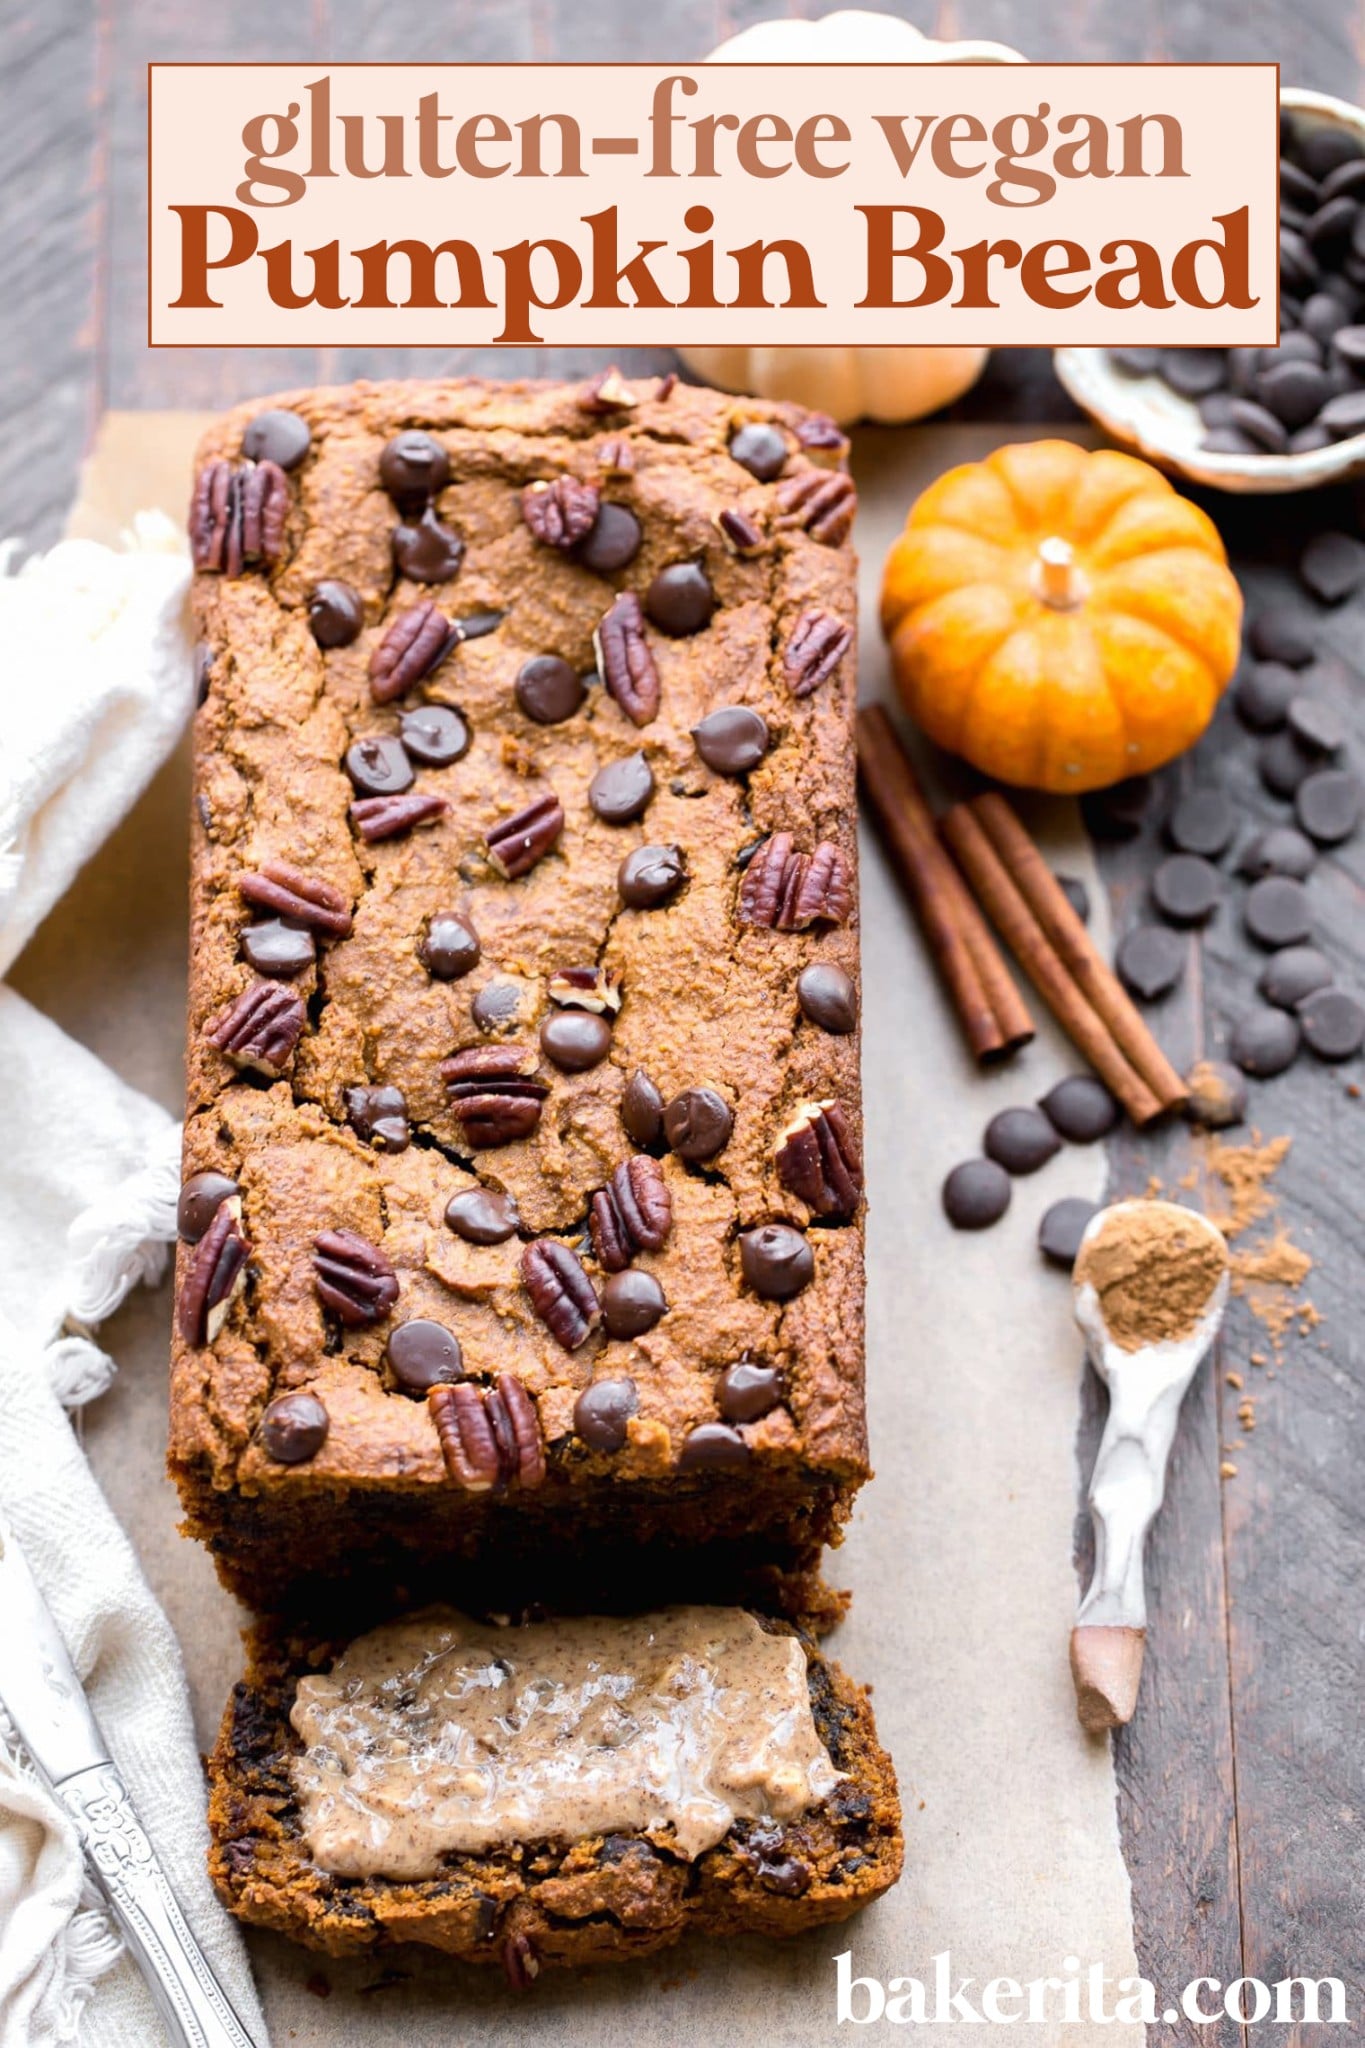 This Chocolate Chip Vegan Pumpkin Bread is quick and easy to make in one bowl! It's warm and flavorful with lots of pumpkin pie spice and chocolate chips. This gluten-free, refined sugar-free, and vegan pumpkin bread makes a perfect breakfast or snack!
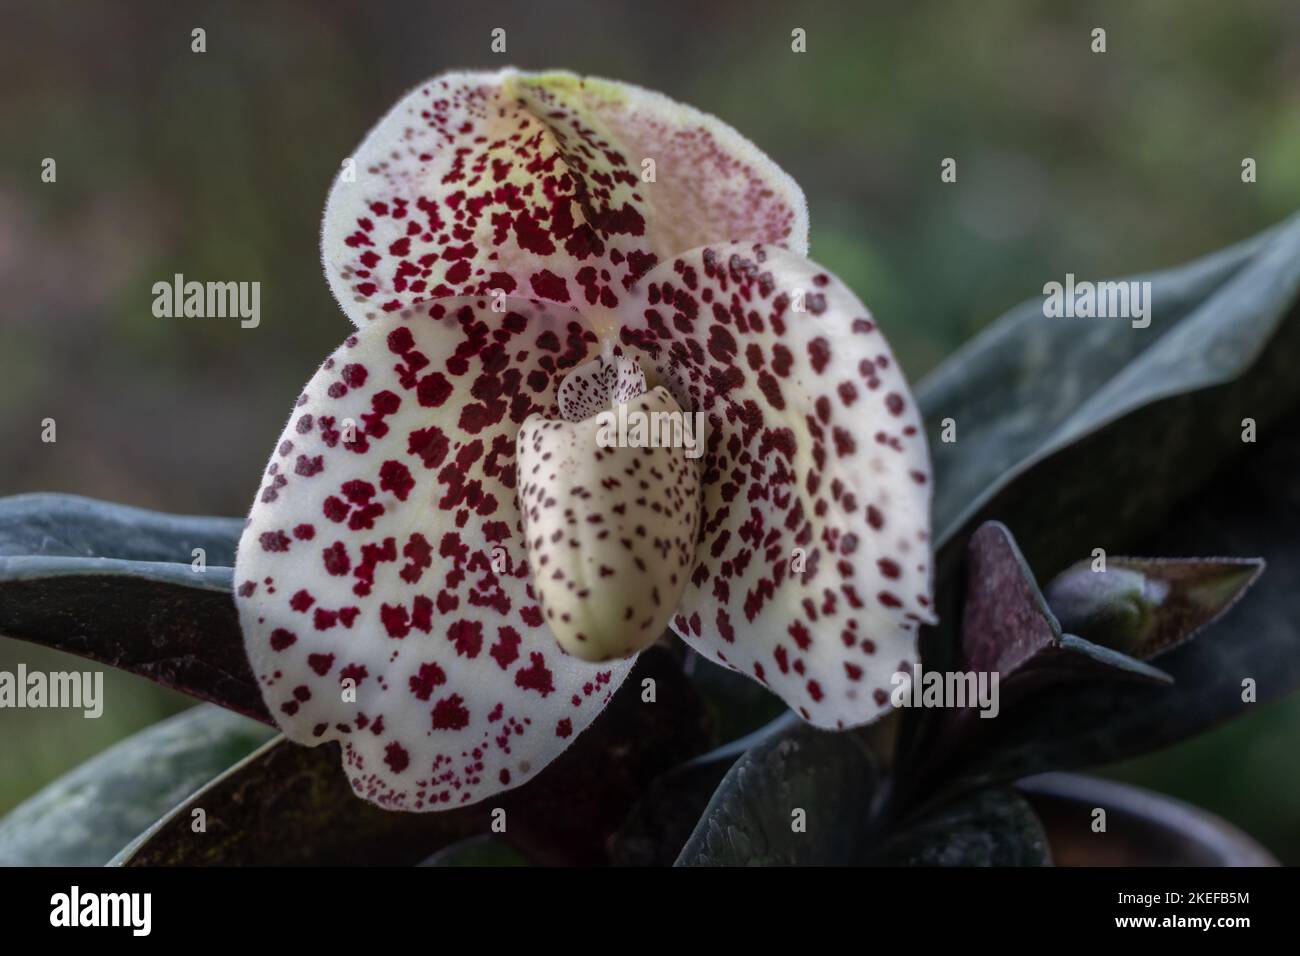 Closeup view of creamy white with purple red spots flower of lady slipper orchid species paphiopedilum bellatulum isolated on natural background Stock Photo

---

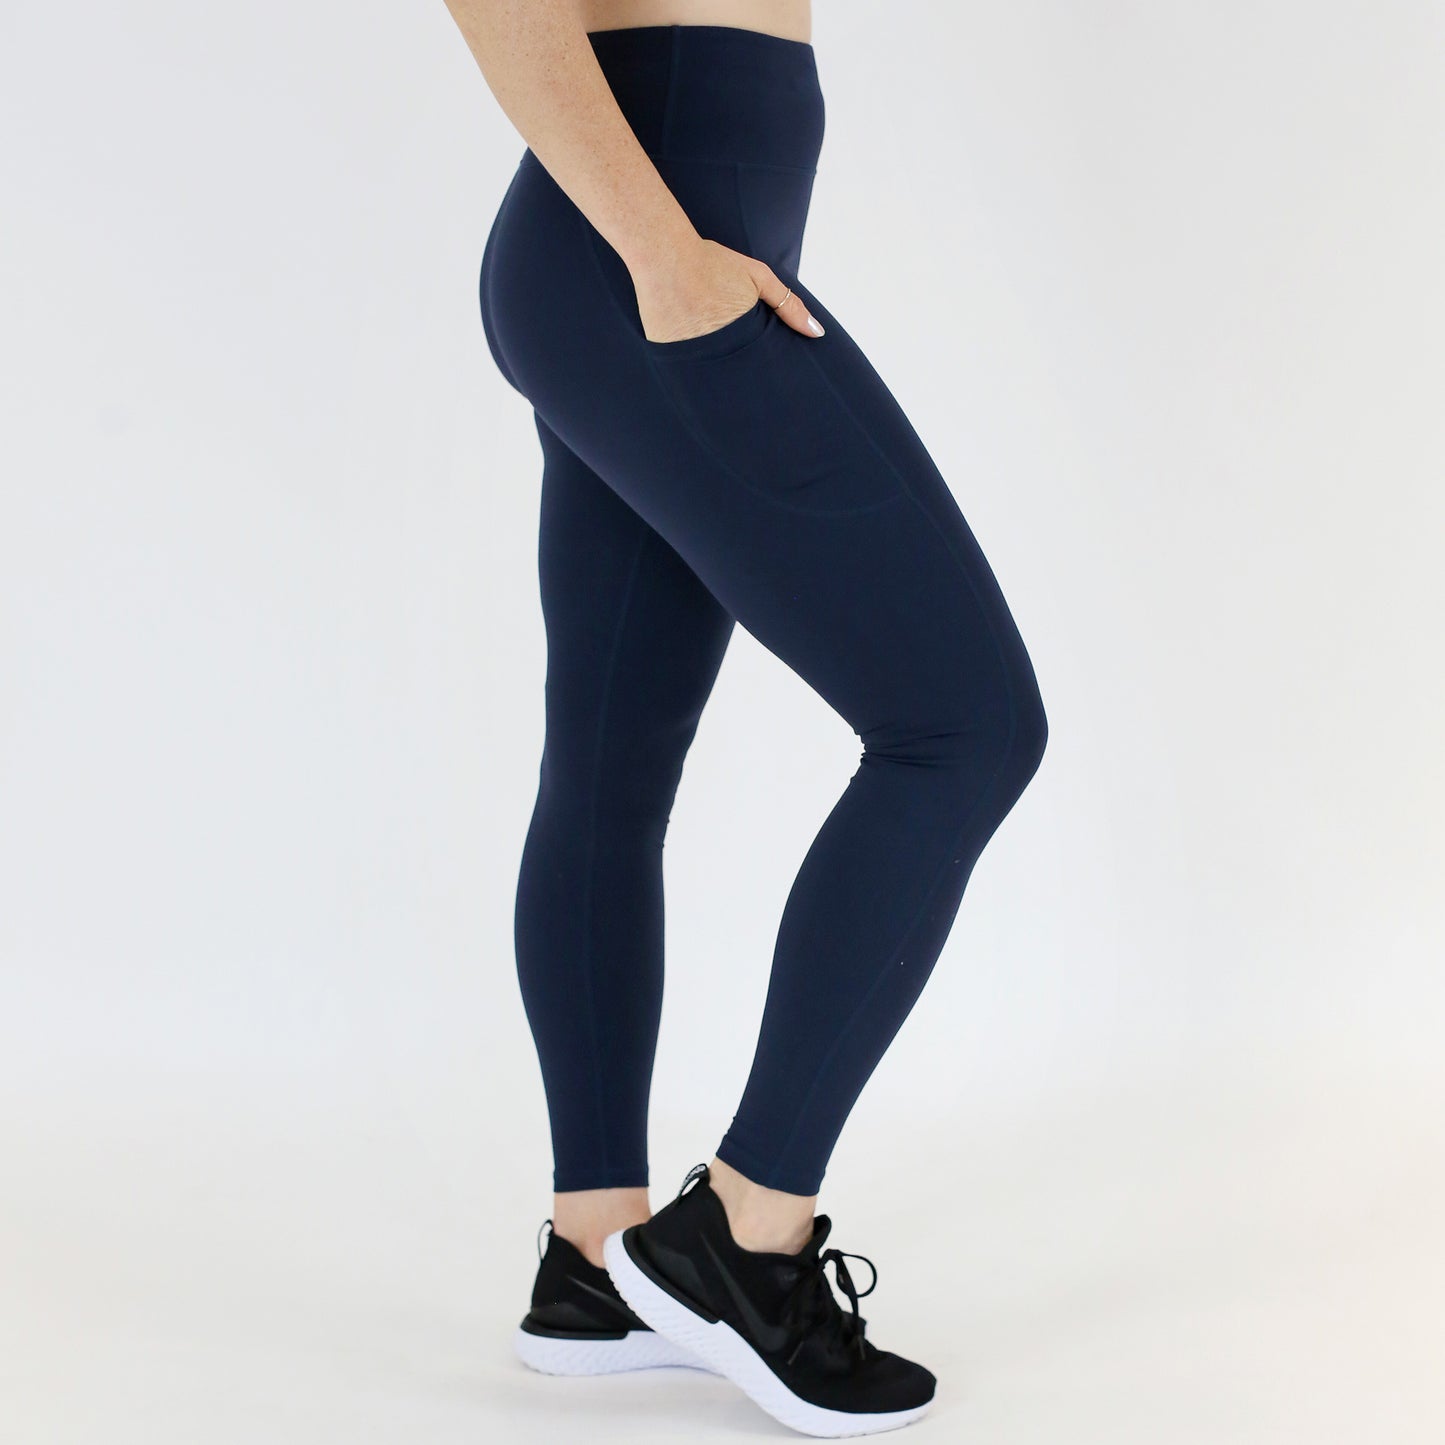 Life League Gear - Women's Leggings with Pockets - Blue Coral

...

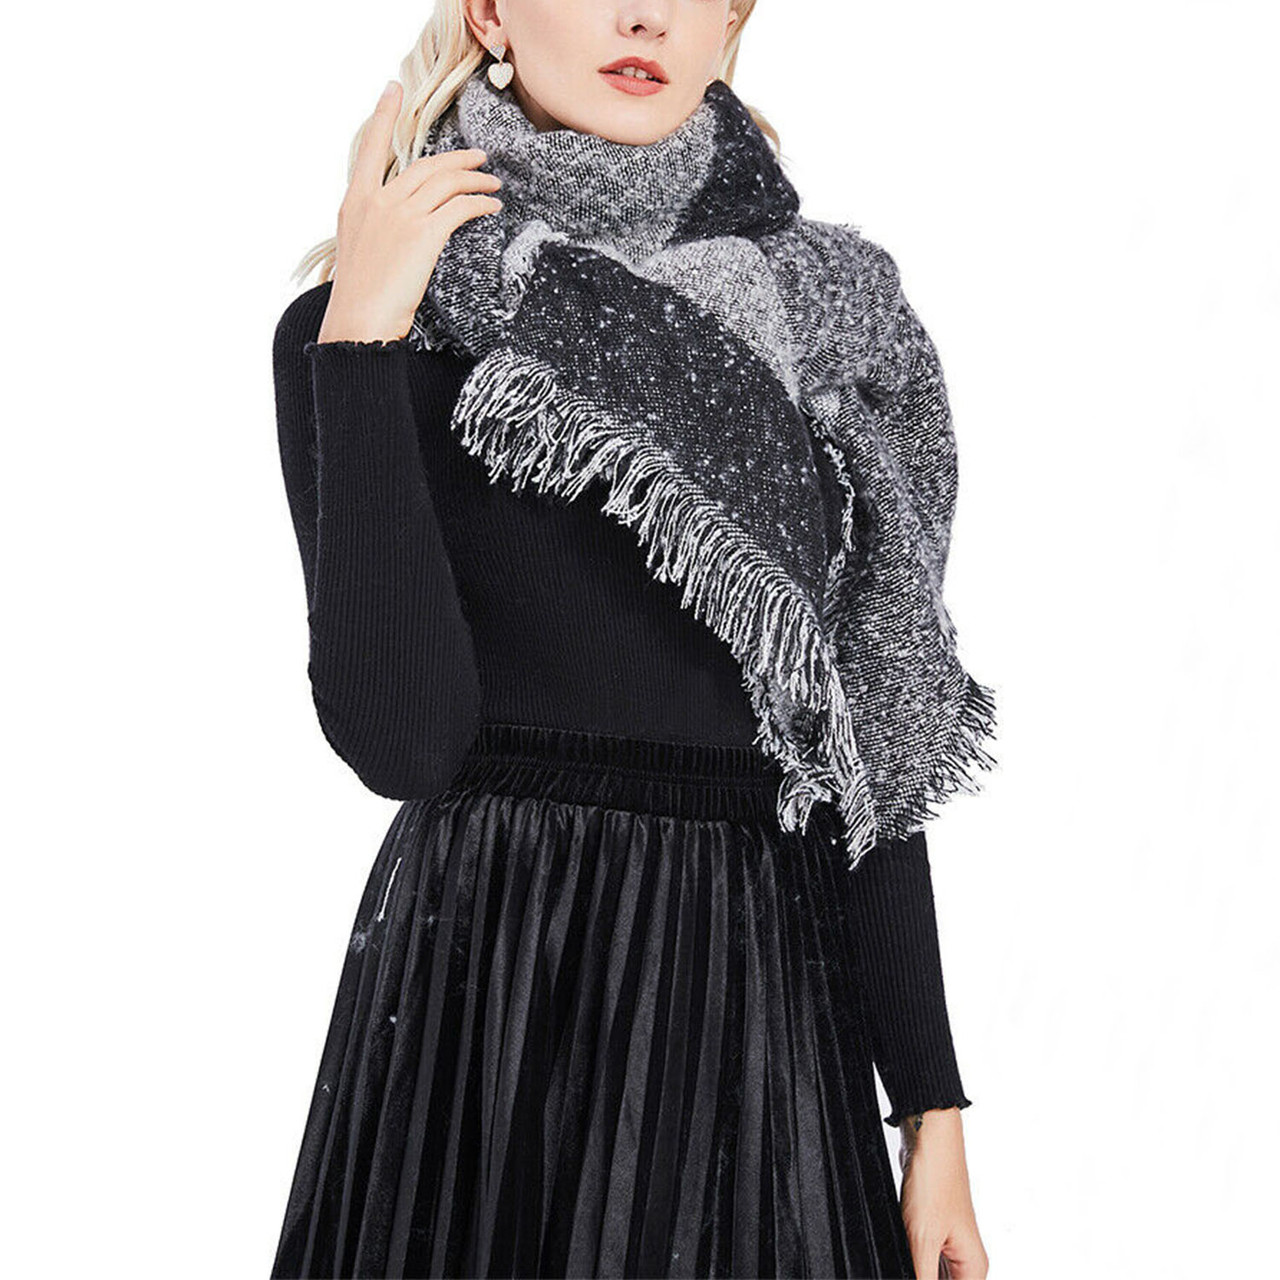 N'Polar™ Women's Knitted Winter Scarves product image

• **Directions for this task**: Up in the listing, locate the line with "This Chocolate Chip"; print it and every line after it down to the line with "Closeup view of", which is included too. Skip the pictures.

• **Exercise output**:
 This Chocolate Chip Vegan Pumpkin Bread is quick and easy to make in one bowl! It's warm and flavorful with lots of pumpkin pie spice and chocolate chips. This gluten-free, refined sugar-free, and vegan pumpkin bread makes a perfect breakfast or snack!
 Closeup view of creamy white with purple red spots flower of lady slipper orchid species paphiopedilum bellatulum isolated on natural background Stock Photo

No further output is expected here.